=== Begin Enclosure ===
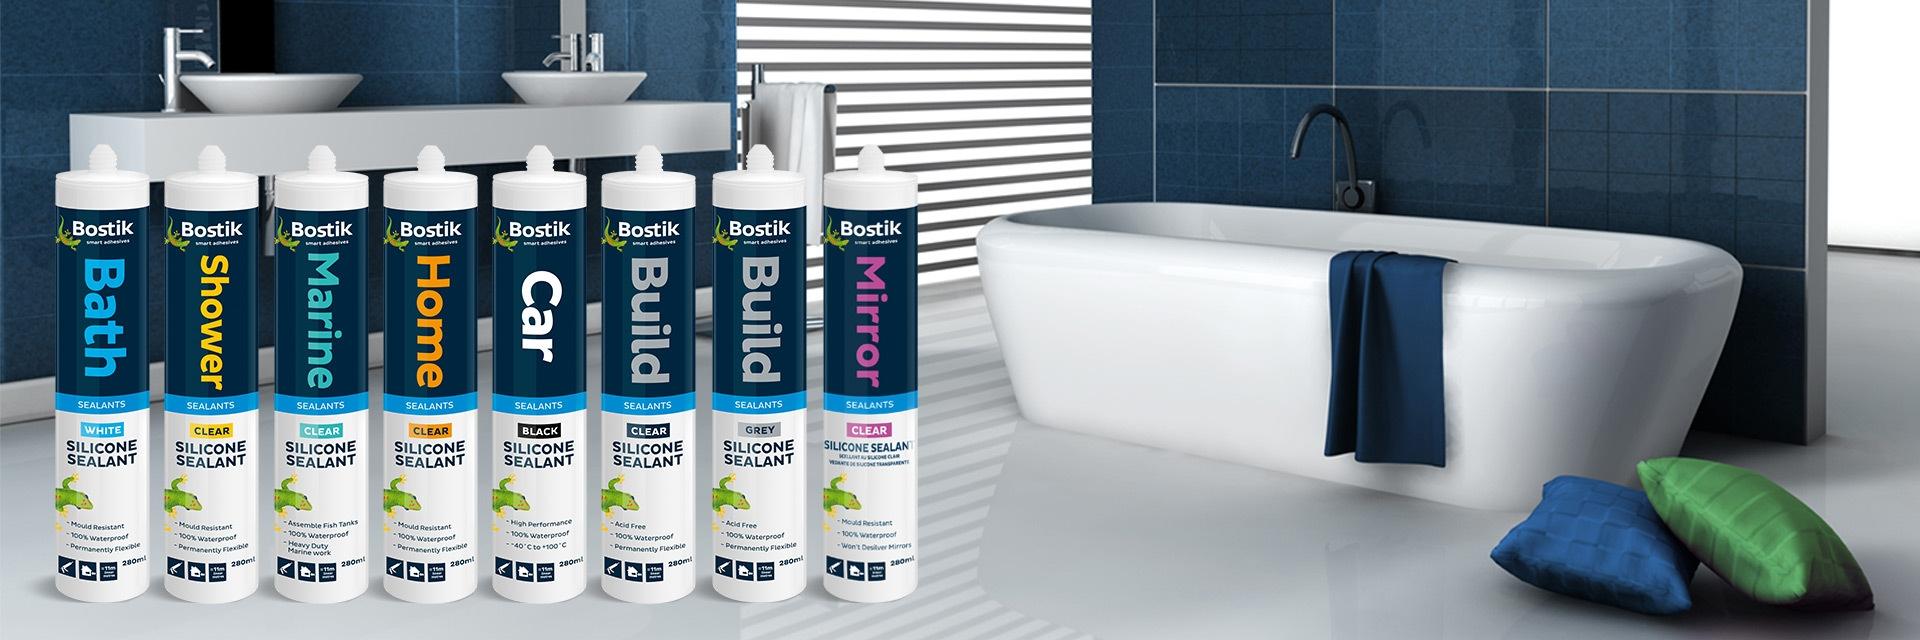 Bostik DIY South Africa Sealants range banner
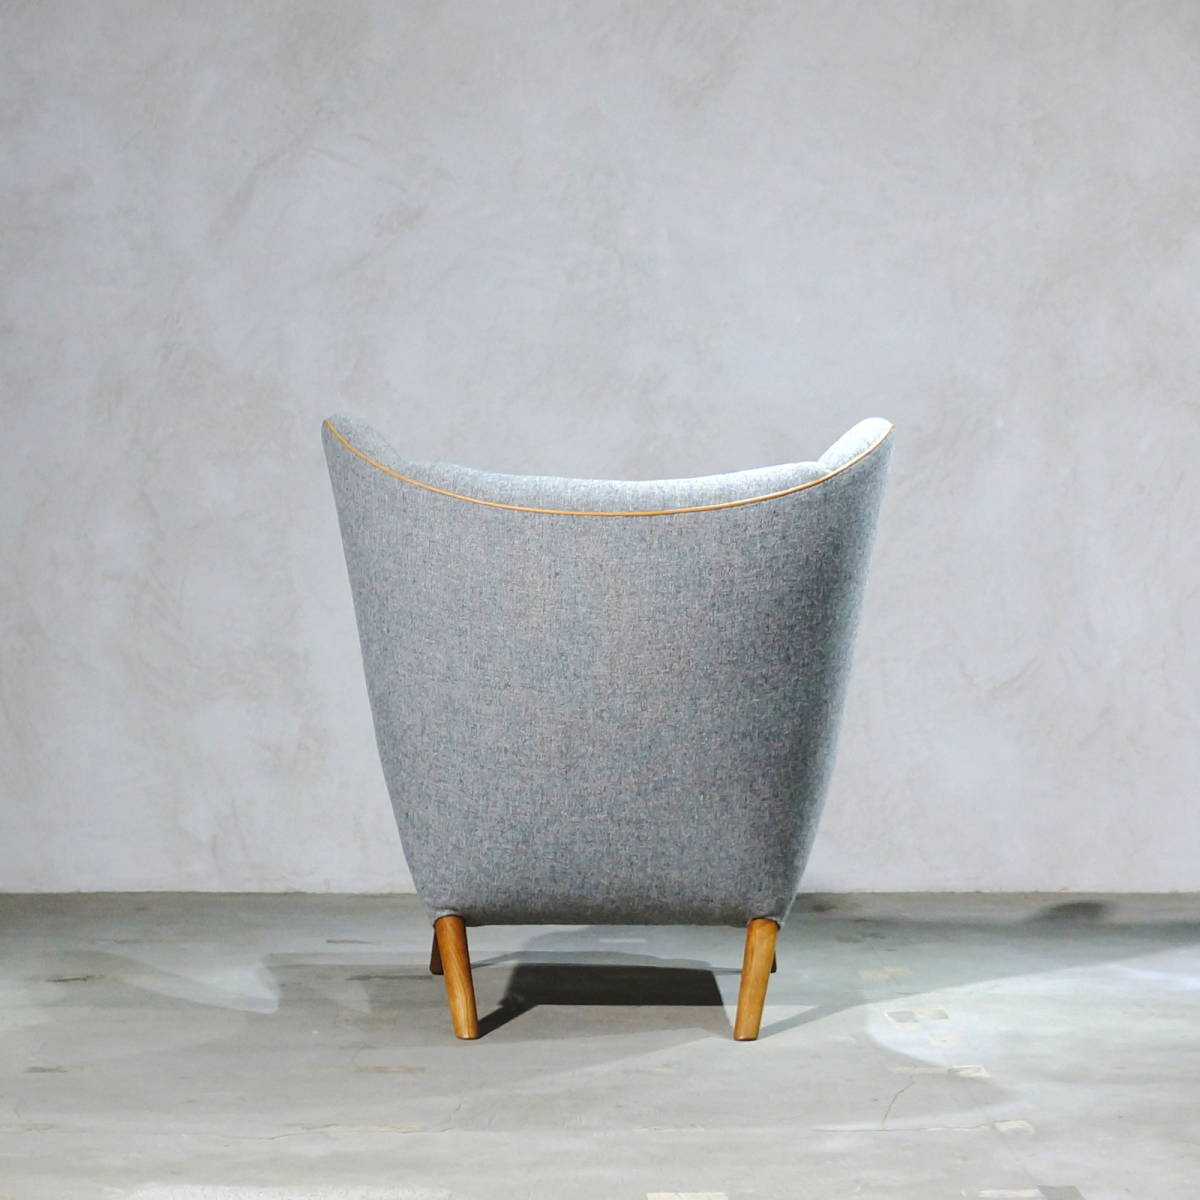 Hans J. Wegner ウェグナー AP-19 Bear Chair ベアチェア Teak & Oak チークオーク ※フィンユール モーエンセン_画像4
=== End Enclosure ===
=== Begin Enclosure ===
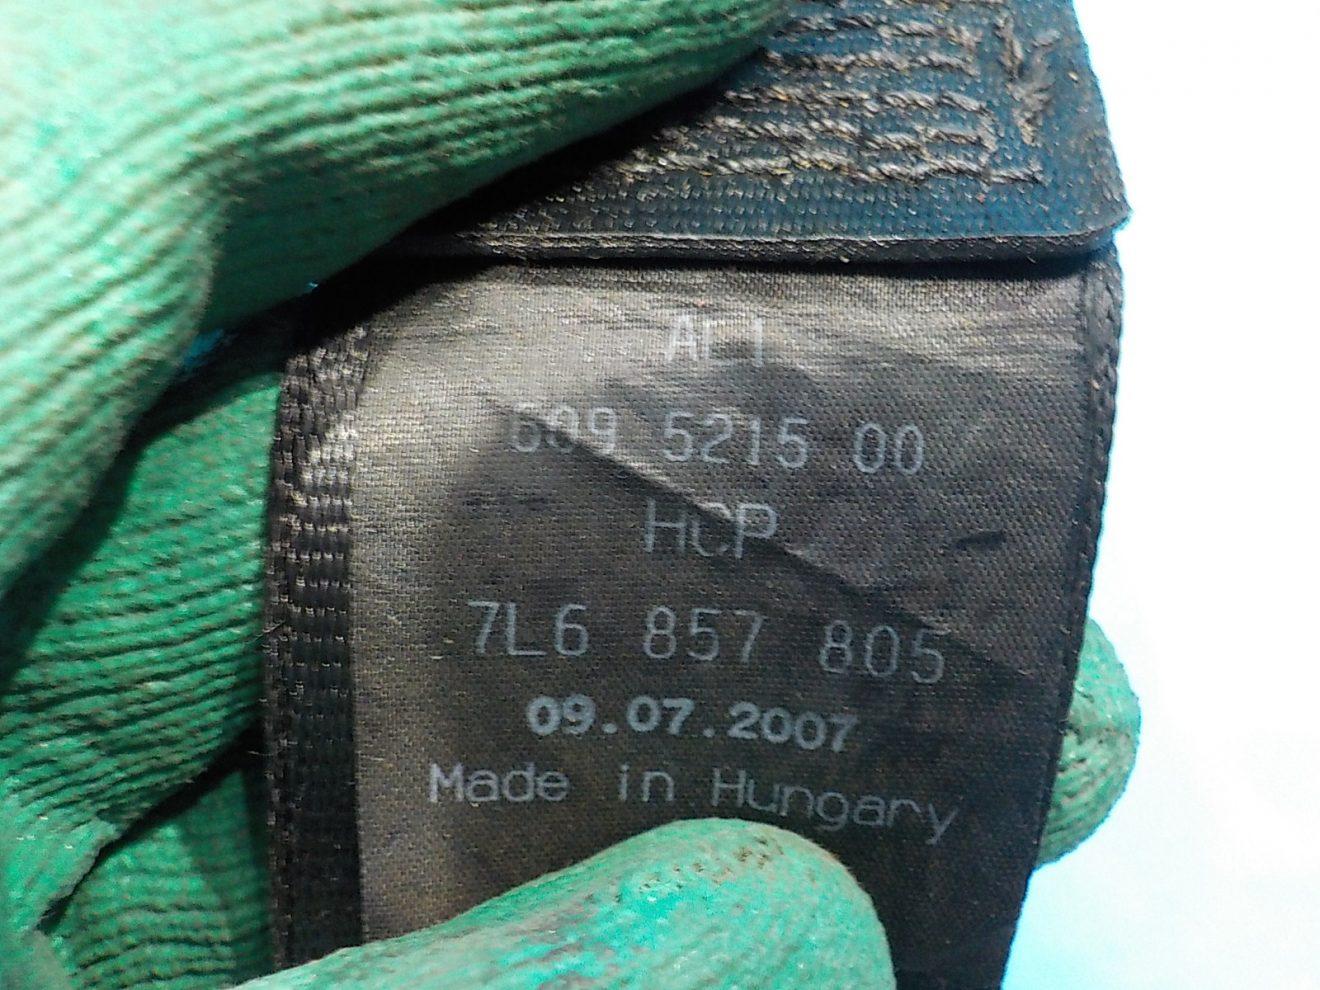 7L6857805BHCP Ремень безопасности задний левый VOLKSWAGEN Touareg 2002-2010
=== End Enclosure ===
=== Begin Enclosure ===
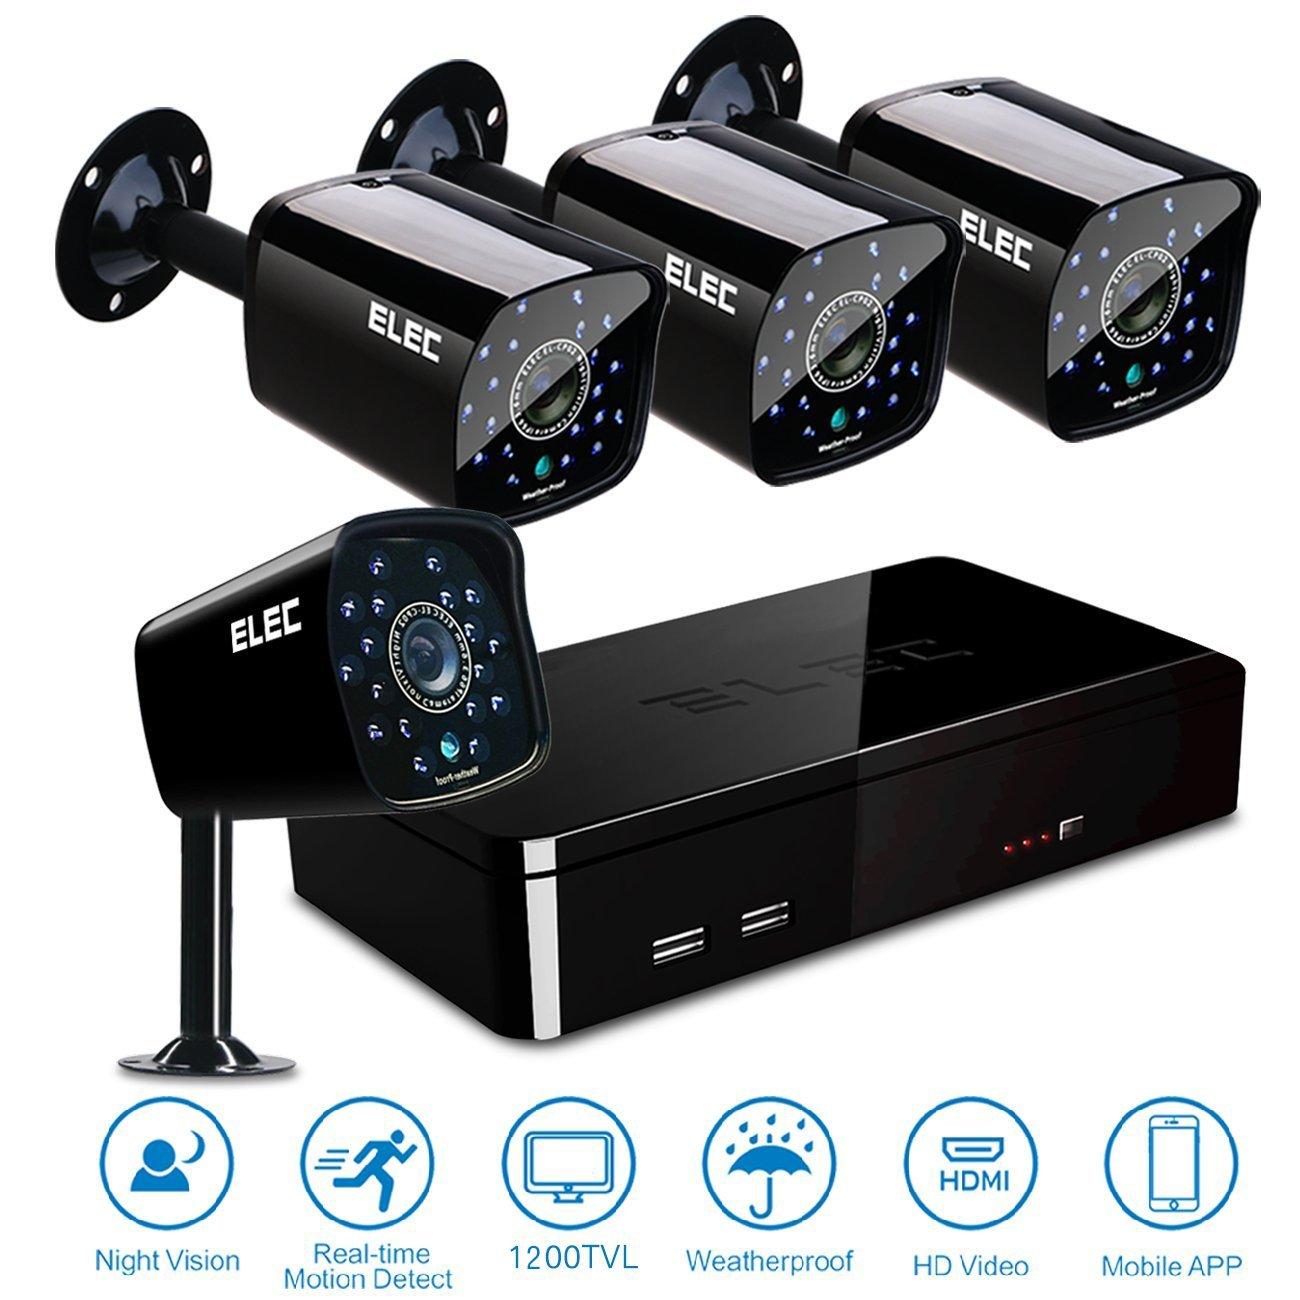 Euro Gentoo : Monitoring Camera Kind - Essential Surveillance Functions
=== End Enclosure ===
__What to produce__
Print nothing but the lines above starting with the line that contains "Bostik DIY South" and going on through the line that contains "Hans J. Wegner". Leave out the pictures.

__Written solution__
 Bostik DIY South Africa Sealants range banner
 Hans J. Wegner ウェグナー AP-19 Bear Chair ベアチェア Teak & Oak チークオーク ※フィンユール モーエンセン_画像4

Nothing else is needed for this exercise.